• WAKE UP Team

Ohne Lösungen keine Hamburger Kultur!

Als Interessenverband dient das Clubkombinat als Schnittstelle und Sprachrohr für alle Musik- und Kulturschaffenden, zwischen kreativer Pop- und Subkultur und etablierten Szeneclubs.

Lilia Ohls ist Bookerin beim Hafenklang und Vorstandsmitglied beim Clubkombinat und hat mit uns digital über die aktuelle Lage um Hamburgs Clubs und Kultur gesprochen.


WAKE UP: Was genau ist und macht das Clubkombinat?

Lilia: Das Clubkombinat ist der Interessenverband der Clubbetreiber*innen, Veranstalter*innen, Booker*innen und Agenturen aus Hamburg. Eine der Aufgaben des Clubkombinats ist es, die Interessen seiner Mitglieder in Politik und Wirtschaft zu vertreten und die Kommunikation zwischen den offiziellen Gremien der Stadt zu moderieren. Gerade zu Krisenzeiten wie jetzt zeigt sich, dass es wichtig ist, eine Institution wie das Clubkombinat für die Kulturszene zu haben und unsere Arbeit gestaltet sich aktuell herausfordernder und spannender denn je.

 

WAKE UP: Wie schätzt du die Perspektive für die Hamburger Clubs ein? Was könnten Lösungen sein? Was kann der einzelne tun, um die Hamburger Kultur- und Clubszene zu unterstützen?
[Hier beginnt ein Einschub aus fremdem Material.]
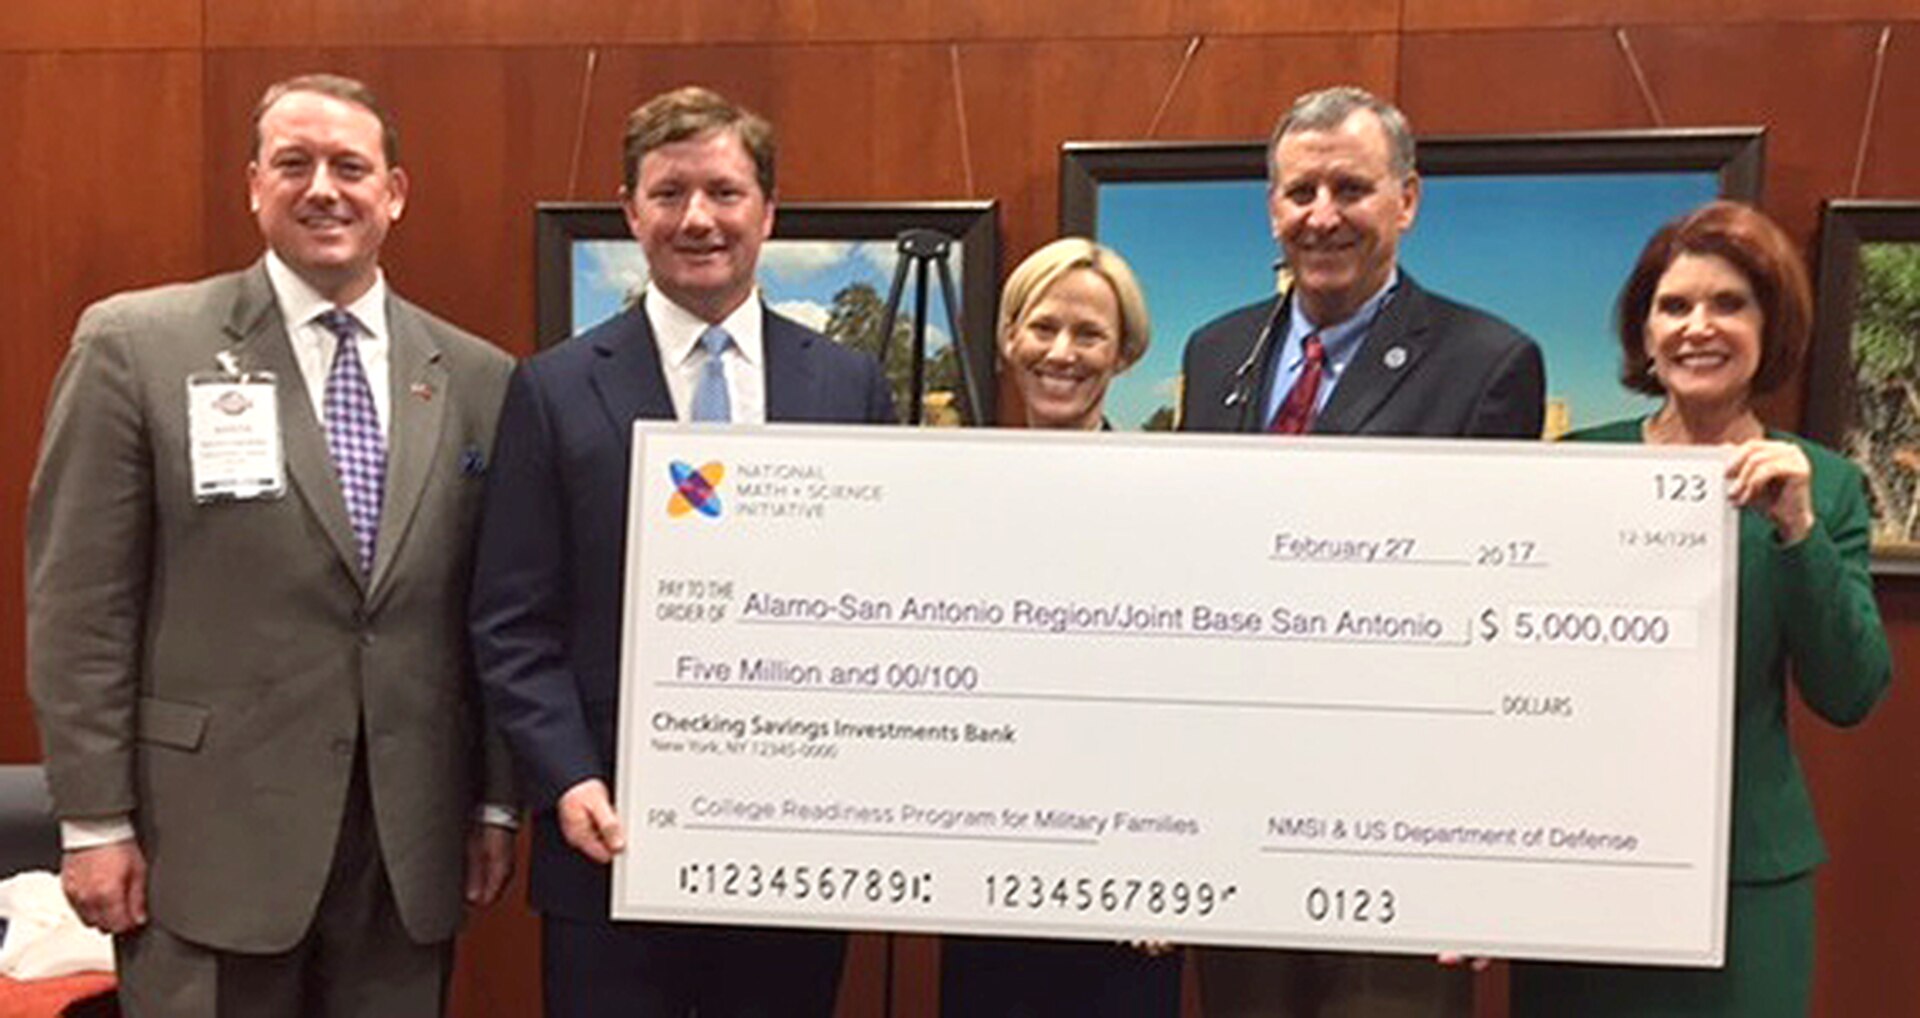 Marcus Ligenfelter, (left) president of the National Math and Science Initiative, or NMSI, presents a $5 million check Feb. 27 earmarked for science, technology, engineering and mathematics, or STEM, education in high schools serving military dependents at Joint Base San Antonio. This is the first round of funding and will be directed to individual school districts within JBSA to incentivize advanced placement classes. This is a Department of Defense-supported initiative to provide the successful model to the military. Also in photo from left are Rad Weaver, San Antonio Chamber of Commerce president; Brig. Gen. Heather Pringle, commander, 502nd Air Base Wing and JBSA; Chris Schuchart, Medina County judge and chair, Alamo Area Council of Government; and Diane Rath, AACOG executive director.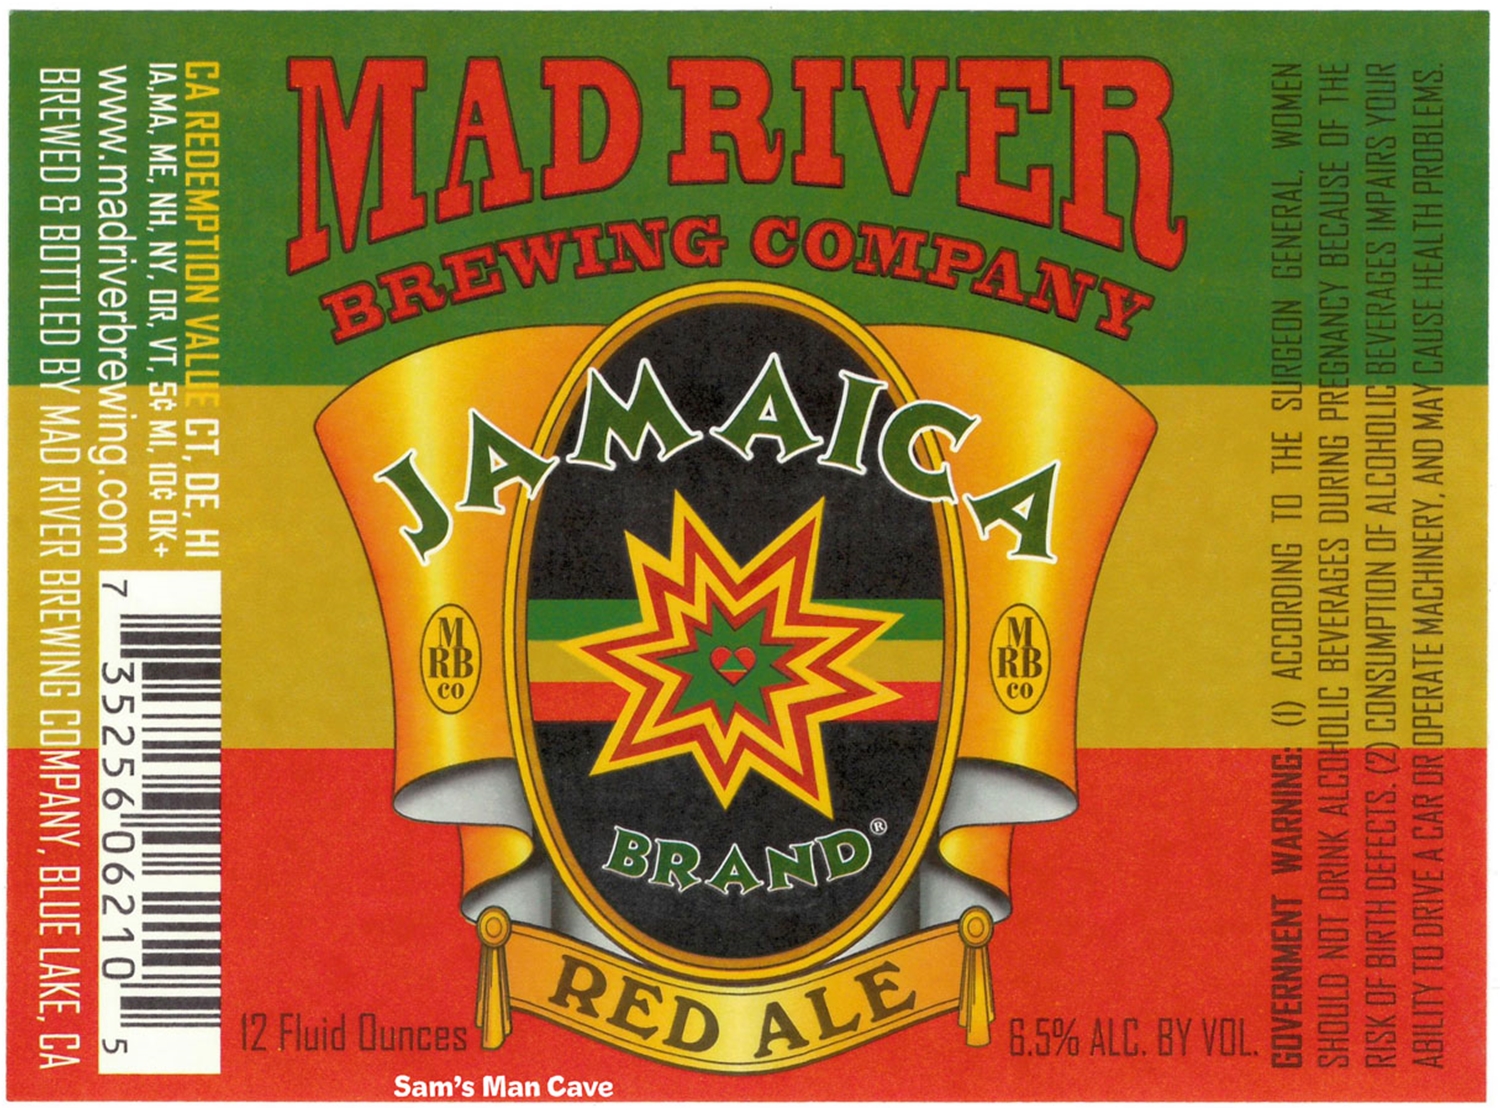 Mad River Jamaica Red Ale Label

Lilia: Eine Prognose, wann und wie es genau für die Clubs weitergehen kann gibt es derzeit nicht. Um als Club wirtschaftlich erfolgreich planen zu können, braucht es einen Vorlauf von mehreren Monaten. Bislang gibt es diesen Vorlauf nur auf kurze Sicht und immer nur für die nächsten 1 bis 2 Monate, bis es wieder eine neue behördliche Verordnung gibt.

Auf lange Sicht braucht es eine verbindliche Lösung bzw. Verordnung, damit die Clubs zukünftige Veranstaltungen wieder realistisch planen können. Momentan schauen wir mit dem Clubkombinat, der Stadt und einzelnen Clubs und Veranstalter*innen, welche Außenbereiche für den Sommer draußen für Veranstaltungen genutzt werden können. Kurzfristig sind Außenflächen, so lange das Wetter noch gut ist, eine sinnvolle Alternative. 


Als Einzelner kann man die Clubs mit monetären Spenden unterstützen, indem man zum Beispiel Merchandise-Produkte der einzelnen Clubs kauft oder Tickets für virtuelle und/ oder zukünftige Veranstaltungen. Auch bieten einige Clubs Außer-Haus-Verkäufe von Getränken an oder vermieten ihre Räumlichkeiten. 



Es braucht jedoch schnellere, unbürokratischere Wege über die zuständigen Bezirksämter, um die Nutzung dieser Flächen zu genehmigen. In naher Zukunft braucht es einheitliche, praktisch umzusetzende Lösungen, wie man unter entsprechenden Auflagen und kontrolliert nach und nach wieder öffnen kann.

 

Es ist außerdem wichtig, dass über den aktuellen, kulturellen Ausfall gesprochen wird und dass sich jede*r Einzelne bewusst darüber wird, welchen Stellenwert Kultur für unsere Gesellschaft eigentlich hat und dass das große, vielfältige (sub)kulturelle Angebot in Hamburg unbedingt erhalten bleiben muss, da es einen enormen Teil unseres Zusammenlebens ausmacht.

 

WAKE UP:  Du hast einen Wunsch frei: Was nimmt die Gesellschaft aus der Corona-Situation mit?

Lilia: Dass Kultur mehr wertgeschätzt wird, dass die Leute verstehen, dass Kultur meistens nicht bedeutet, dass Kulturschaffende sich selbst, sondern die Gesellschaft, mit ihrem Tun bereichern und dass es bald wieder zurück zur Normalität gehen kann.